DATASET CONTENT.
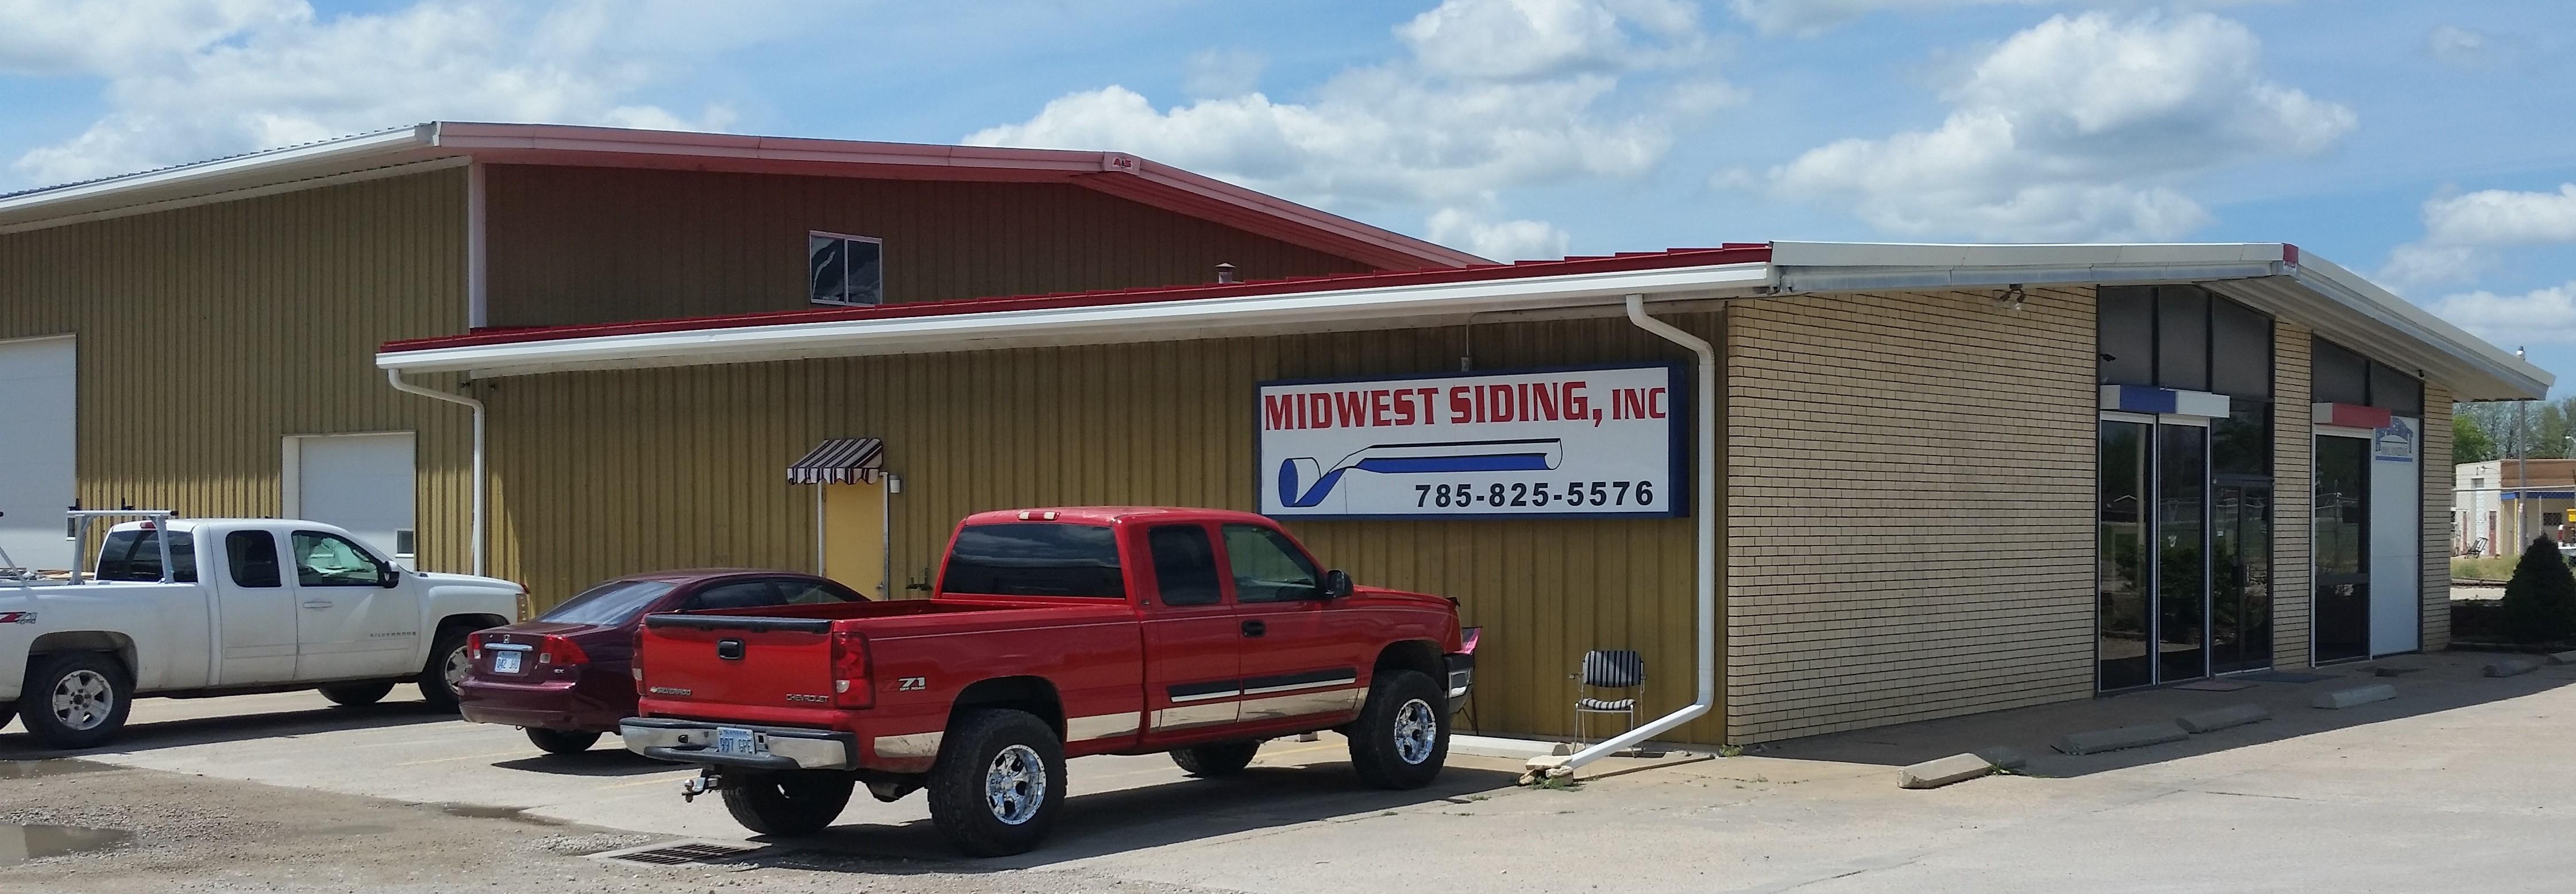 Midwest Siding Inc. image 0
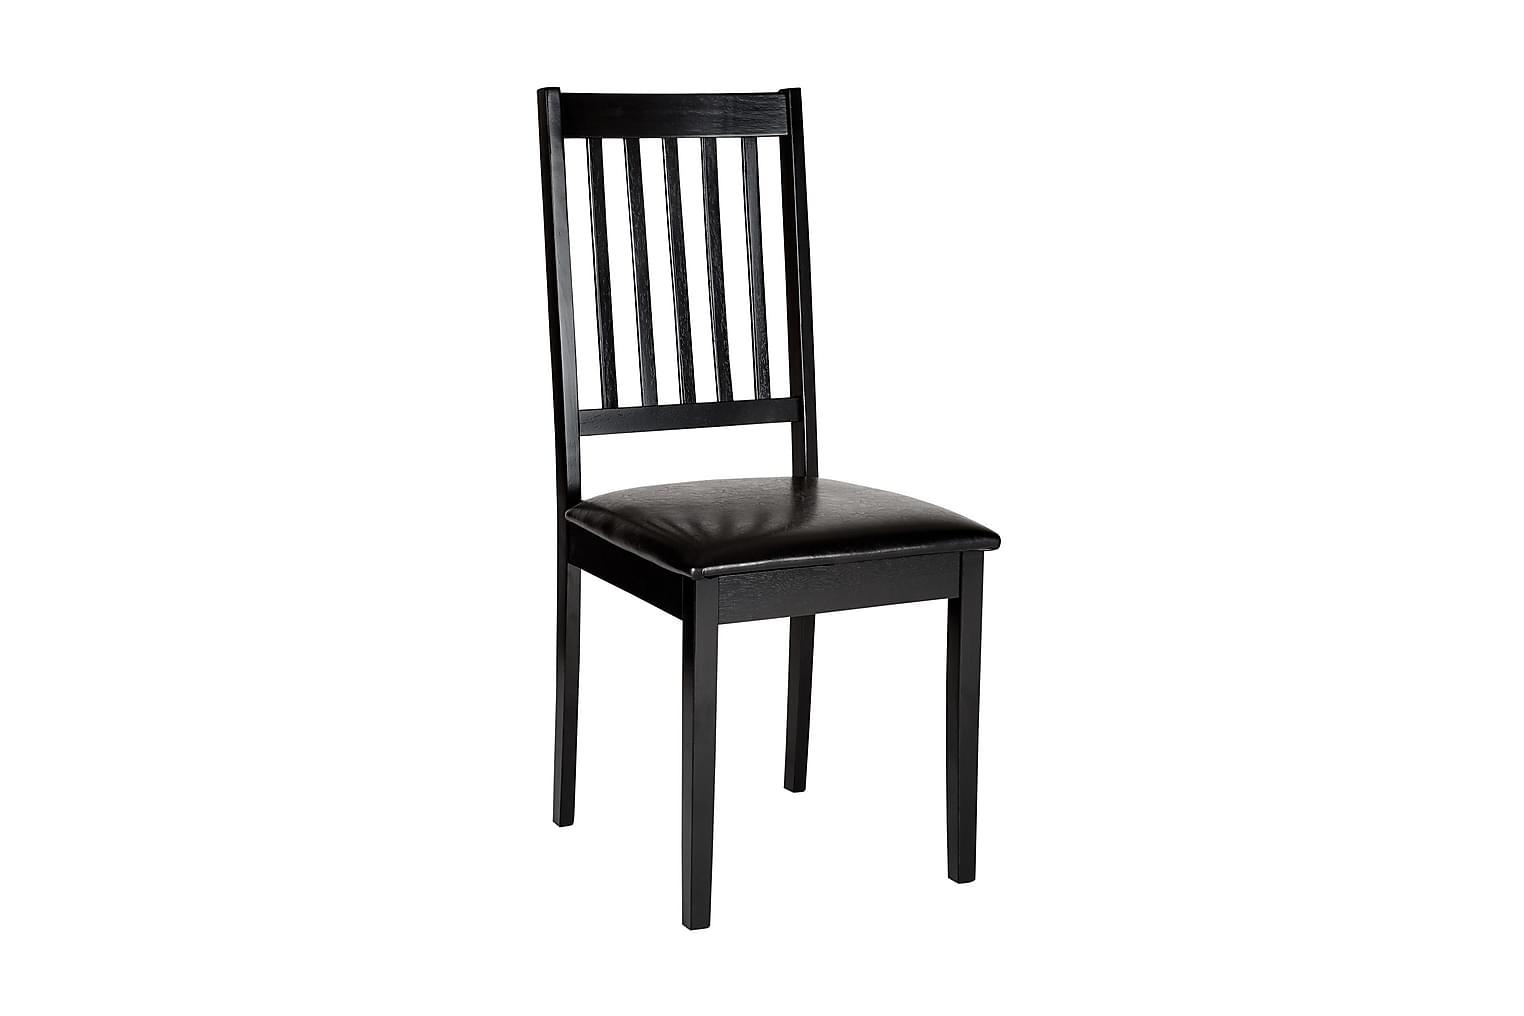 SETAR Tuoli Musta
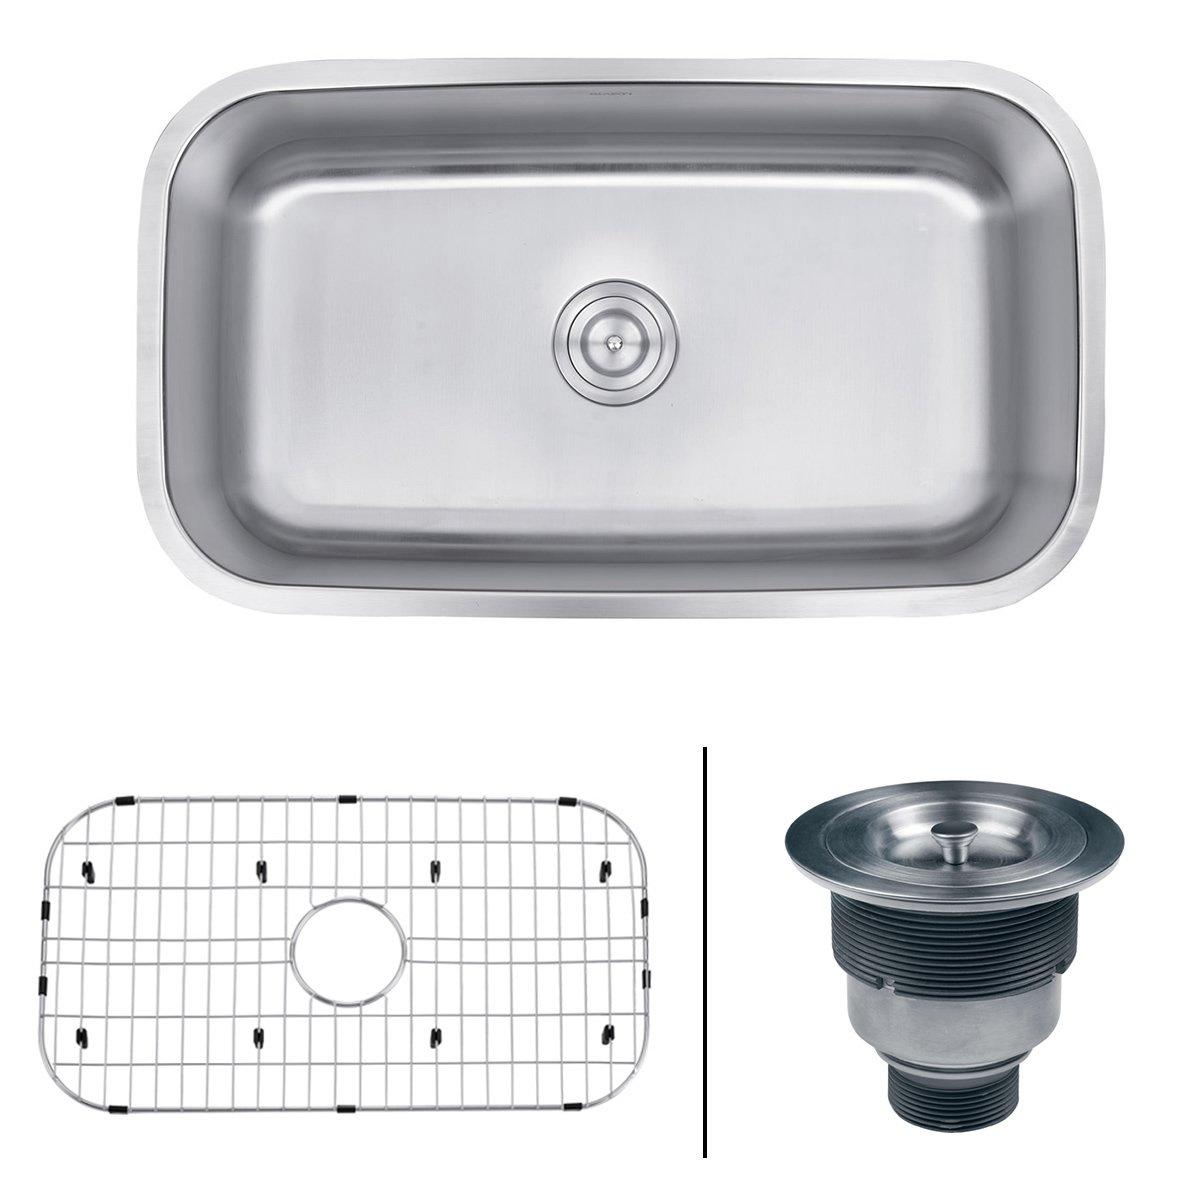 Ruvati 32-inch Undermount 16 Gauge Stainless Steel Kitchen Sink Single Bowl - RVM4200

TASK STATEMENT.
In the listing above, find the line containing "SETAR Tuoli Musta" and restate it and every later line verbatim, with the pictures left out.

WRITTEN SOLUTION.
 SETAR Tuoli Musta
 Ruvati 32-inch Undermount 16 Gauge Stainless Steel Kitchen Sink Single Bowl - RVM4200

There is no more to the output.